Of course, it was decades ago when scientists at ExxonMobil determined that their fossil fuel consumption was driving climate change but said nothing. Experts told the Senate budget committee on Wednesday that the industry shifted over the years from explicit climate denial to a more sophisticated strategy of “deception, disinformation and doublespeak” that wrongly paints “natural” gas as cleaner energy.

“Time and again, the biggest oil and gas corporations say one thing for the purposes of public consumption but do something completely different to protect their profits,” said Rep. Jamie Raskin, the ranking Democrat on the House oversight committee, during a hearing on Wednesday. “Company officials will admit the terrifying reality of their business model behind closed doors but say something entirely different, false, and soothing to the public.”

Republicans constantly complain that climate initiatives are raising prices for consumers, but it’s the industry’s rush to expand LNG export infrastructure that keeps prices high — and profits flowing.

With the White House controlled by Democrats, the Environmental Protection Agency finalized new regulations in December that require oil and gas companies to update infrastructure and reduce methane pollution. Methane is essentially unrefined natural gas.

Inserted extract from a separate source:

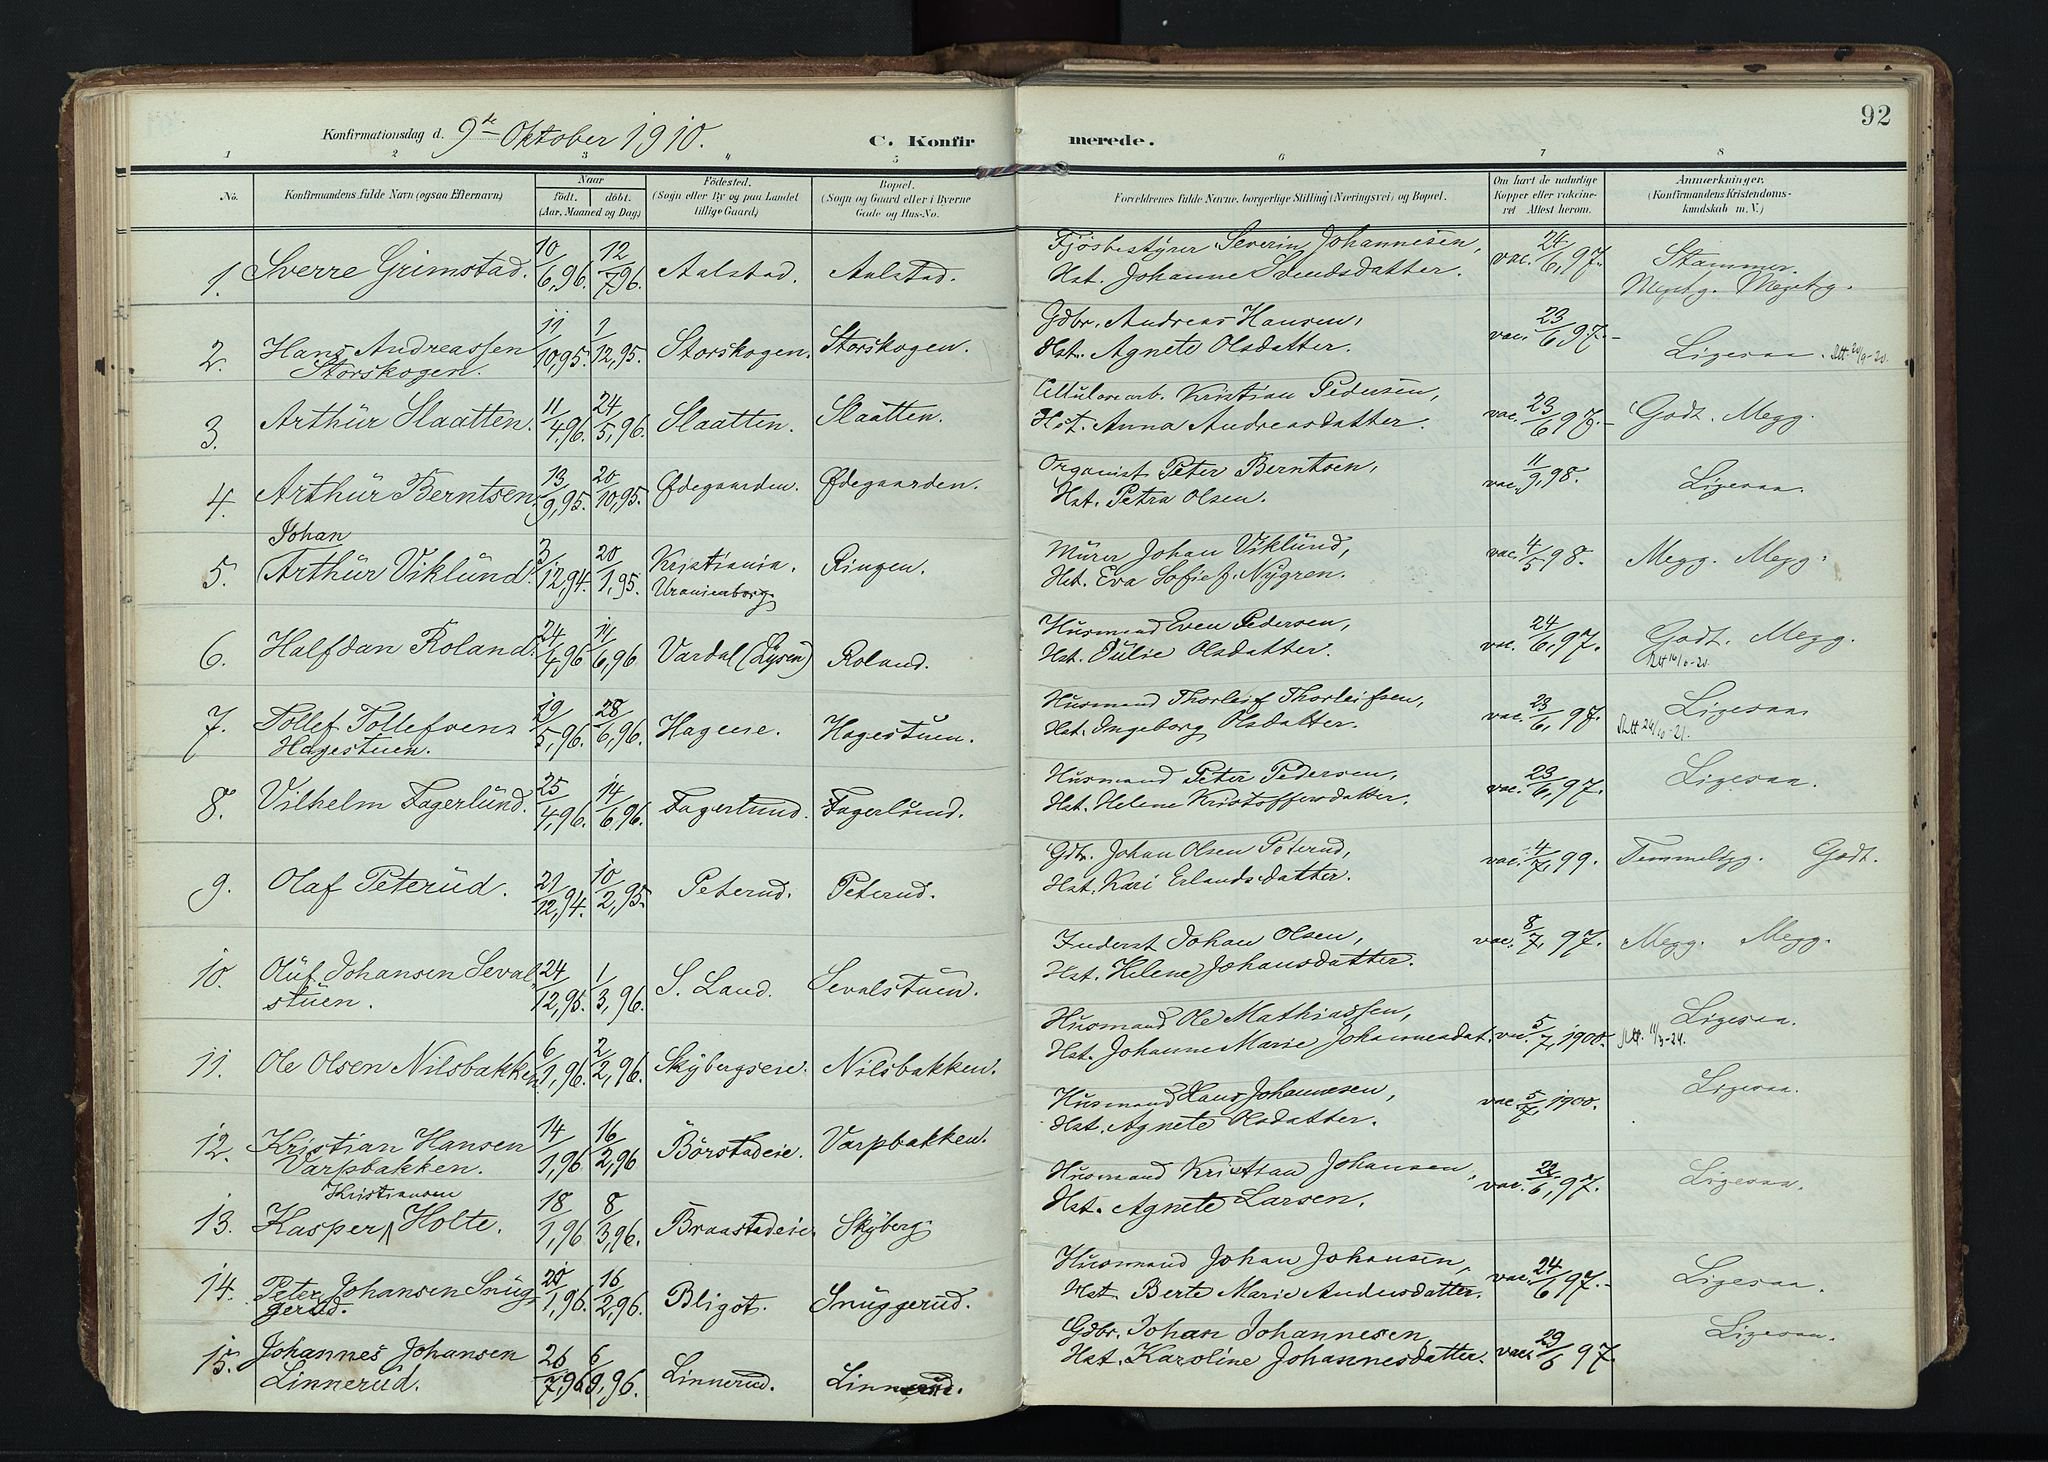 SAH, Vardal prestekontor, H/Ha/Haa/L0020: Ministerialbok nr. 20, 1907-1921, s. 92

The U.S. produces more natural gas than any other country, but booming exports keep prices high for domestic industries and consumers, according Tyson Slocum, director of Public Citizen’s Energy Program. Republicans constantly complain that climate initiatives are raising prices for consumers, but it’s the industry’s rush to expand LNG export infrastructure that keeps prices high — and profits flowing.

“This is the whole intention of the push for LNG exports; it’s to make [gas] more expensive, because when you make it more expensive, you get bigger profits,” Slocum said in an interview. “There’s no hometown discount. These guys do not care … they don’t care about supplying gas to local communities.”

After coming under pressure from grassroots climate activists and local fishers on the Gulf Coast, where massive LNG terminals load huge tanker ships with liquified gas for export, the Biden administration announced in January a “pause” on permits for newLNG facilities while regulators reexamine whether exports are in the public interest. Well over a dozen export terminals are already causing air pollution, and at least 17 more are awaiting federal permits. Sixteen GOP-led states filed a federal lawsuit in response, arguing that a pause of permits for future export terminals would harm the economy in states such as Louisiana and Texas.

“This whole concept of ‘drill baby, drill’ for lower prices is a complete fabrication,” Slocum said. “The whole goal of pushing exports is making gobs of money for gas producers.”